Denver pensava compreender a ligação entre a mãe e Beloved: Sethe tentava compensar a serra; Beloved fazia-a pagar por isso. Mas aquilo nunca teria um fim, e ver a mãe humilhada, envergonhava-a e enfurecia-a. No entanto sabia que o maior medo de Sethe era o mesmo que Denver tivera no início – que Beloved pudesse partir. Que partisse antes que Sethe a pudesse fazer compreender o que significara passar os dentes daquela serra sob o pequeno queixo; sentir o sangue de bebé a espalhar-se como óleo nas suas mãos; segurar-lhe o rosto para que a cabeça não caísse; apertá-la para conseguir absorver os espasmos da morte que percorriam aquele corpo adorado, gorducho e doce de vida – Beloved podia partir. Partir antes que Sethe a fizesse compreender que pior do que aquilo – muito pior – fora aquilo por que Baby Suggs morrera, aquilo que Ella sabia, aquilo que Stamp Paid vira e aquilo que fazia Paul D estremecer. Que qualquer branco nos podia levar por completo e por qualquer motivo que lhe passasse pela cabeça. Não apenas para nos pôr a trabalhar, matar, ou mutilar, mas também conspurcar. Conspurcar tanto que já não nos podemos amar. Conspurcar de tal modo que esquecíamos quem éramos e já não nos conseguíamos encontrar.
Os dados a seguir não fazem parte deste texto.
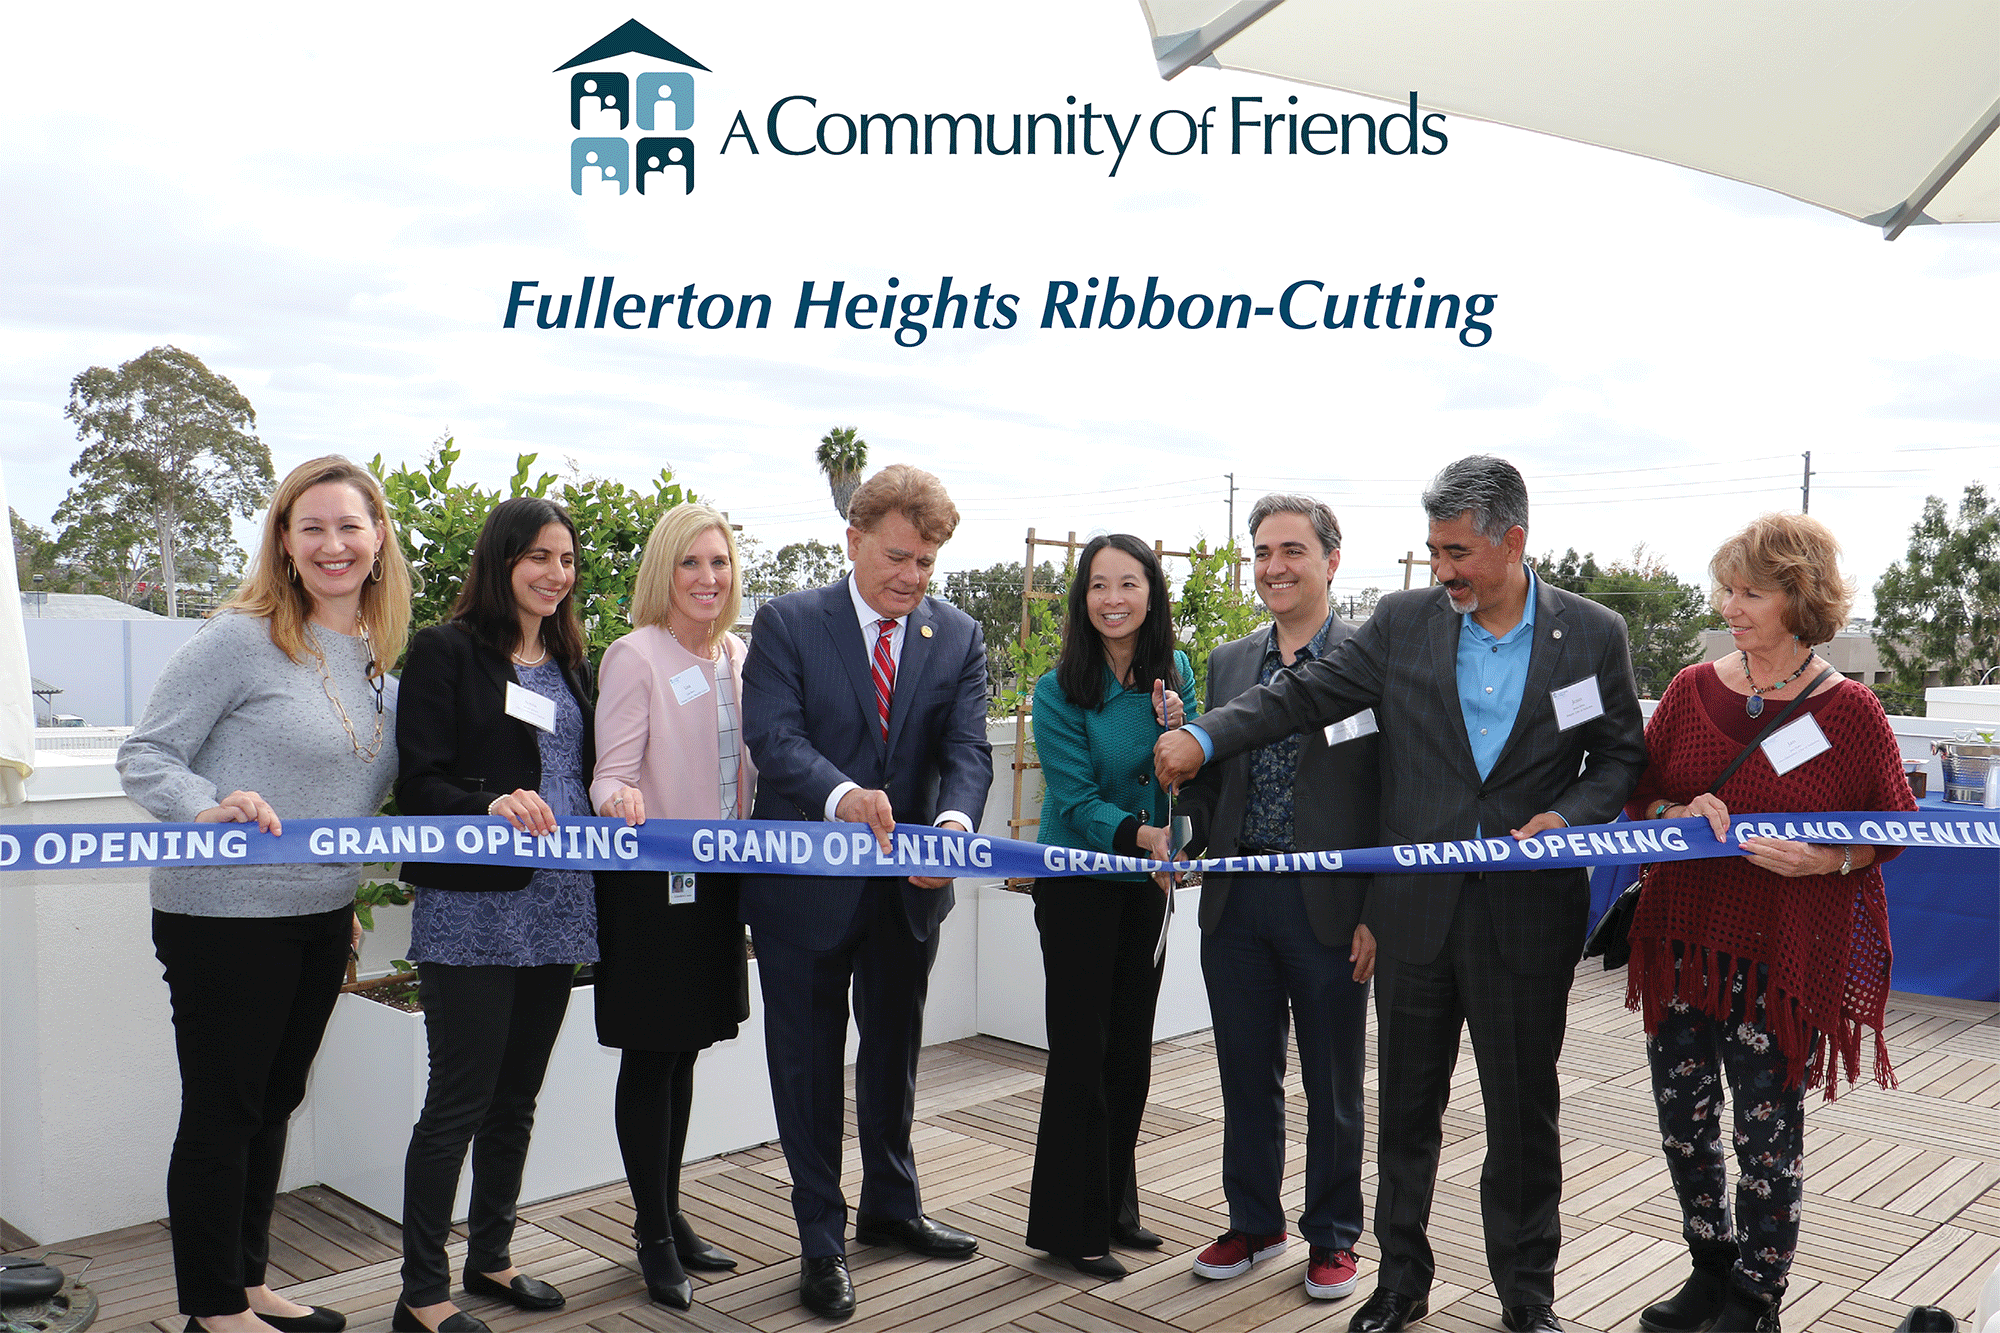 Fullerton Heights Ribbon-Cutting

E embora ela e os outros o tivessem vivido e ultrapassado, ela nunca poderia deixar que isso acontecesse aos seus filhos. O melhor de si eram os filhos. Os brancos podiam sujá-la, mas não ao que tinha de melhor, a melhor coisa bela e mágica – a parte dela que estava limpa. Sem sonhos inconcebíveis em que se interrogava se os troncos sem pés nem cabeça pendurados nas árvores eram de Paul A ou do marido; sem se preocupar que entre as raparigas queimadas vivas numa escola para negros, pudessem incluir a sua filha; sem a dor de ver um bando de brancos a invadir as partes íntimas da filha, a ensopar-lhe as coxas e a enlouquecê-la. Ela até poderia fazer engates no pátio do matadouro, mas a sua filha não.

E ninguém, nem uma única pessoa à superfície da Terra, iria enumerar as características da filha no lado do papel reservado aos animais. Não. Oh, não.
Talvez Baby Suggs se pudesse conformar com aquilo, viver com essa proximidade; mas Sethe recusara-se a fazê-lo – ainda se recusava.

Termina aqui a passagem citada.